The PFAS Risk Hiding Beyond SDS Section 3

For many manufacturers, the PFAS review process starts with a familiar document: the Safety Data Sheet. The SDS is accessible, standardized, and already embedded in EHS and procurement workflows. So when Section 3 does not list PTFE, PVDF, fluoroelastomers, fluorosurfactants, or other PFAS-related substances, it is tempting to mark the product as “PFAS not identified” and move on.

That can create false confidence.

PFAS risk is not always visible in SDS Section 3. In fact, some of the most important PFAS signals may sit outside the SDS altogether: in product specifications, technical data sheets, industry literature, supplier formulations, regulatory lists, and comparable product evidence.

This is exactly where PFAS AI changes the workflow. Instead of treating the SDS as the final answer or main evidence, PFAS AI treats it as one evidence source in a broader risk-intelligence process.

The SDS was not designed to be a complete PFAS disclosure document

We know that SDS Section 3 is primarily a very effective hazard communication tool. Under OSHA’s SDS requirements, mixture composition disclosure focuses on ingredients classified as health hazards above applicable cutoffs, or ingredients that present a health risk below those cutoffs. SDS rules also allow certain chemical identities or concentrations to be withheld as trade secrets when the required statement is provided.

That means “not listed in Section 3” does not always mean “not present.”

Example: when Section 3 is silent, but the product still deserves a PFAS flag

Consider an anonymized example:

Product: LLDPE blown-film resin or polyolefin film grade
SDS Section 3: Lists polyethylene/resin components and generic additives; no PFAS chemical, no PTFE, no PVDF, no fluoroelastomer, no fluoropolymer CAS number.
Manual SDS-only conclusion: “No PFAS identified.”
PFAS AI conclusion: “High likelihood of fluoropolymer processing aid; estimated concentration range: approximately 80–500 ppm, or 0.008–0.05 wt%, subject to supplier confirmation.”

Why would PFAS AI flag this?

Because the SDS is only one signal. PFAS AI would evaluate product type, use case, manufacturing context, comparable products, and research evidence. Public technical references show that fluoropolymer-based polymer processing aids are commonly used in linear polyolefin extrusion to reduce melt fracture, sharkskin defects, die pressure, and surface imperfections. A 2014 paper on LLDPE extrusion describes fluoropolymer-based polymer processing aids as commonly used in industry to suppress surface defects and reduce die pressure.

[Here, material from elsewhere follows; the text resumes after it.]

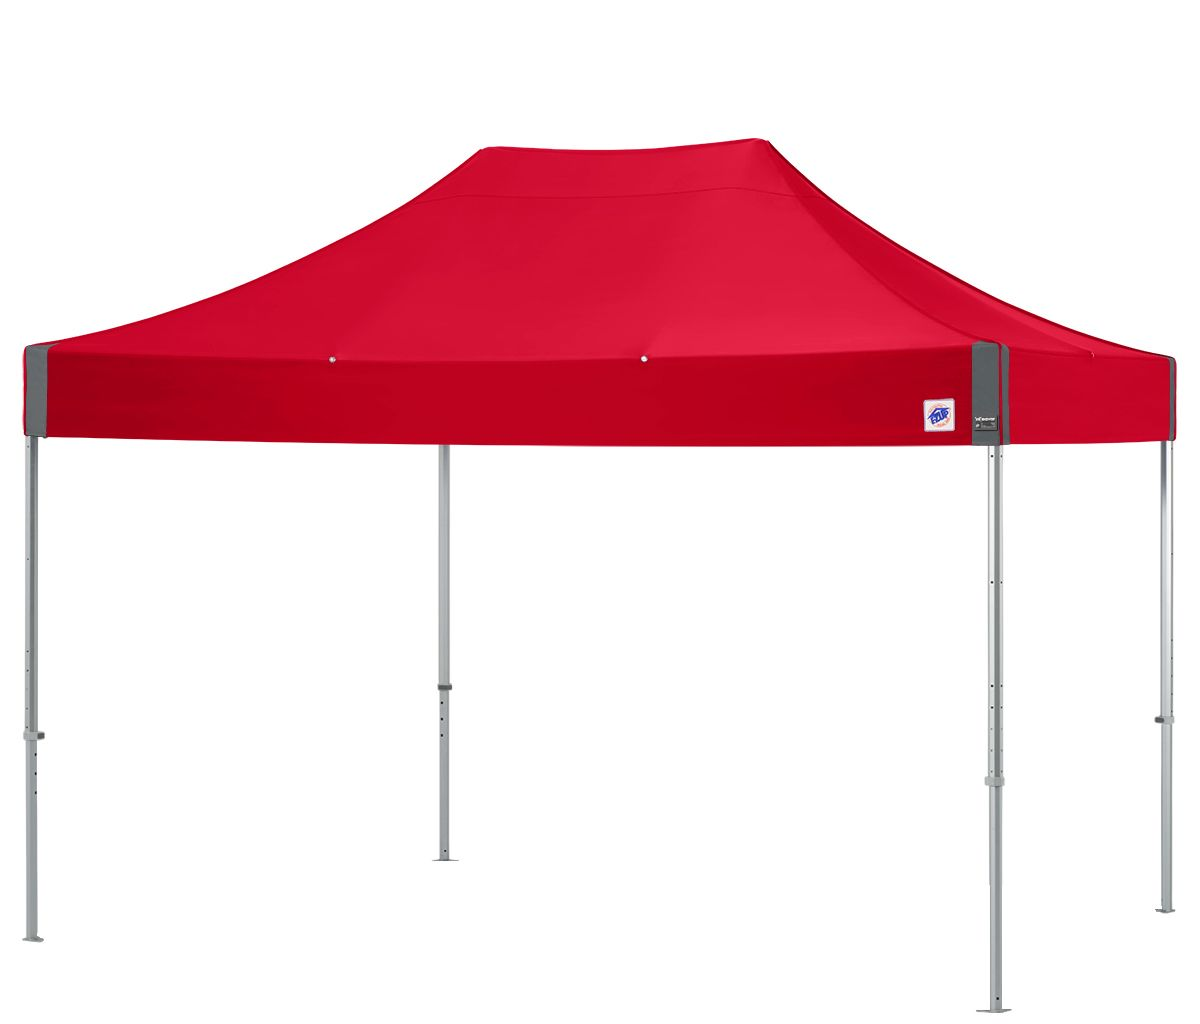 endeavor 3x4.5m rood

The broader PFAS use literature also recognizes fluoropolymers such as PTFE as processing aids and raw materials in plastics and rubber production. Product and patent literature further shows examples of fluoropolymer processing-aid systems using VF2/HFP fluoro elastomers, FEP, and related fluoropolymer chemistries at low ppm levels. In one example, a processing aid system introduced at 400 ppm resulted in 80 ppm fluoropolymer processing aid; another system introduced at 400 ppm resulted in 120 ppm fluoropolymer processing aid. Commercial product literature also describes fluoropolymer-based polymer processing aids used at low addition levels such as100–500 ppm.

The AI-generated insight also clarifies the reasoning and evidence behind its conclusion:

Although SDS Section 3 does not disclose a PFAS chemical, the product category and supporting technical literature indicate a high likelihood of fluoropolymer processing-aid use. Likely PFAS class: fluoropolymer processing aid, potentially PVDF/VDF-HFP fluoroelastomer or related fluoropolymer chemistry. Estimated concentration: 80–500 ppm, based on comparable processing-aid literature and product-use patterns. Recommended action: targeted supplier confirmation and, if business-critical, focused testing.

That is a much stronger compliance workflow than a simple SDS keyword search.

The takeaway

SDS documents are necessary, but they are not sufficient.

A clean SDS Section 3 can be useful evidence, but it should not be treated as proof of PFAS absence. PFAS risk often lives in the spaces between documents: product function, material family, supplier history, industrial use patterns, technical literature, and low-level additives.

PFAS AI helps manufacturers close that gap. It finds the signals SDS review misses, estimates likely PFAS chemicals and concentration ranges when evidence supports it, and creates a more defensible workflow for supplier outreach, reporting readiness, and risk mitigation.